How to Help Your Kids with Anxiety During COVID-19

So much is uncertain and anxiety-provoking right now, but one thing is certain: kids experience anxiety during this COVID-19 pandemic, too. Not knowing how to help your kids with anxiety can be frustrating, and right now, when you might be dealing with anxiety of your own about the ever-changing COVID-19 scare, wondering how to deal with anxious kids can be challenging. Happily, there are ways you can help your kids deal with their anxiety and increase the mental health and wellbeing of everyone in your household in the process. Here are some insights from my own experience as a parent and former high school teacher and counselor. I can help you help your kids who have anxiety from COVID-19.

To Help Your Kids with Anxiety During COVID-19, Look Behind It

If you're a parent facing kids or teens who are out-of-sorts and anxious due to COVID-19, adjustment difficulties and lack of a sense of control are likely two of the driving forces behind their coronavirus anxiety. 

For all of us--and especially kids and teens--anxiety goes hand and hand with adjustment struggles. Change is hard, and kids don't have the life experience or the developed thinking styles to smoothly and easily deal with it. This is why transitions are difficult for many kids, sometimes leading to loud resistance and tantrums, other times leading to pouting or whining or, for middle- and high school kids, moodiness and backtalk.

Unfortunately, right now change and transitions abound. In my state, the Department of Education mandated that all teachers only provide review material in their remote delivery, and my son's calculus teacher emailed everyone to tell them what this would be like for the class. Within hours of that message, the state changed its directive and the information from the teacher was obsolete. For kids who are prone to anxiety and have difficulties adjusting to changes, things like this are highly problematic. 

Things like this are also out of everyone's control. A lack of control is another big factor underlying anxiety at any time. Now, there are fewer and fewer things in our control, whether we're kids, parents, teachers, or anyone else. Even young children need to feel some control over their day in order to feel confident (read: less anxious) in themselves and their world. Adolescents, as any parent knows, balk when they lack control. 

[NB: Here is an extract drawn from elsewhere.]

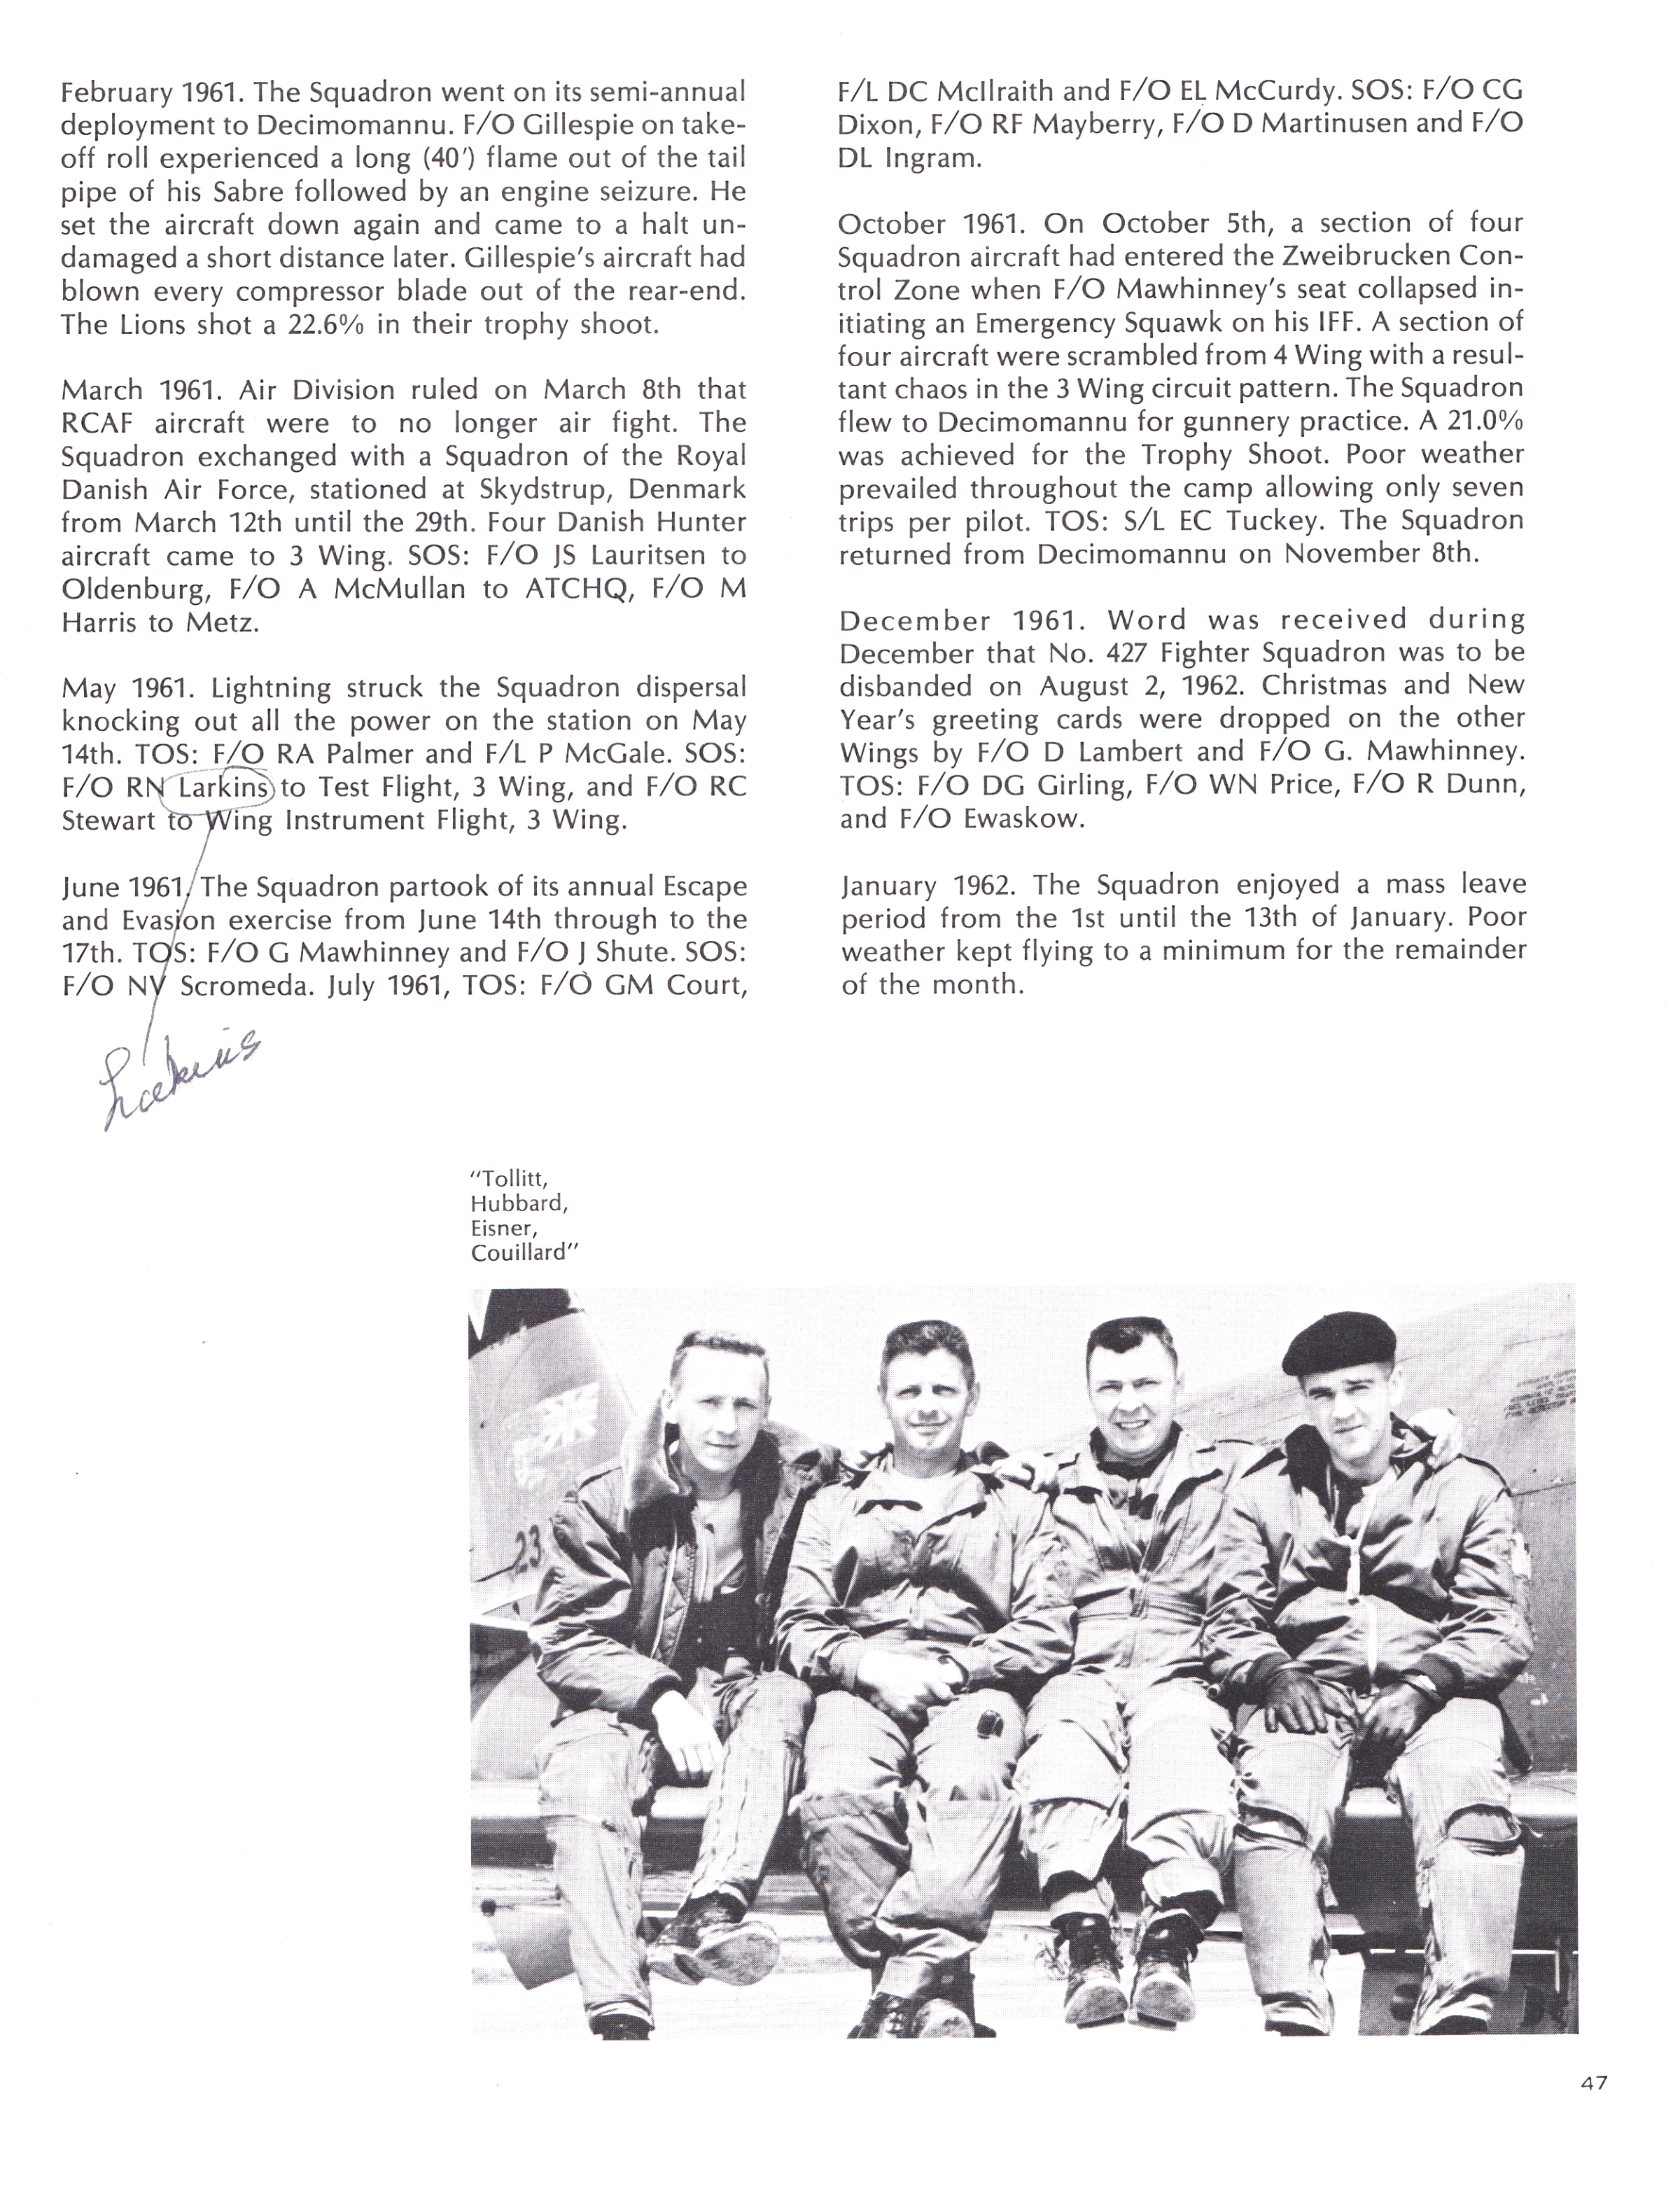 Squadron Sabre diary 1957-1962

The following tips can help you and your child or teenager adjust to constant change, feel some control, and thus reduce anxiety. 

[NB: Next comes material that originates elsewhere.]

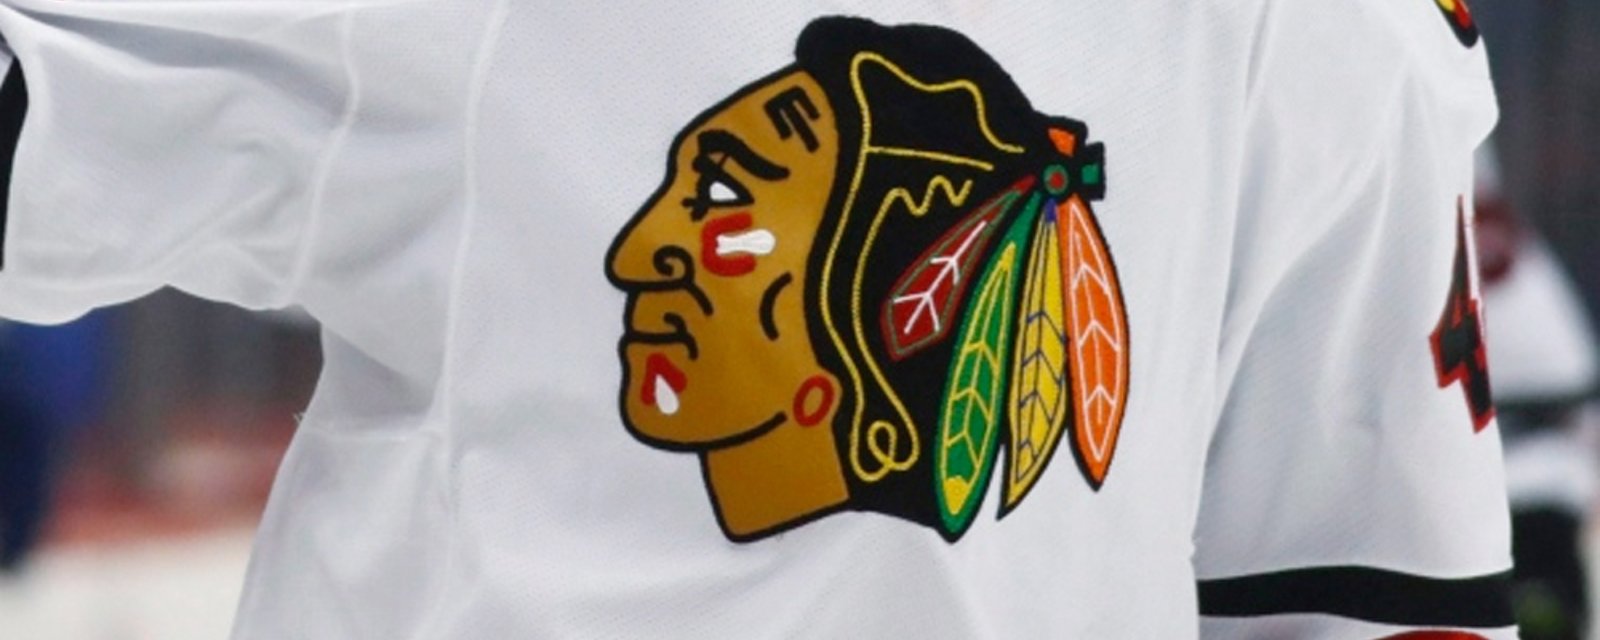 CBC begins censoring Blackhawks' team name, call them “Chicago NHL team”

How to Help Your Kids with Anxiety Amidst COVID-19

Helping your kids with anxiety during COVID-19 is difficult because so many things are out of your control. But one thing that is within your realm of control is how you interact with your kids and the structure you provide in your home. These are general guidelines; feel free to personalize them to create a system that works for your unique family and individuals in your family. 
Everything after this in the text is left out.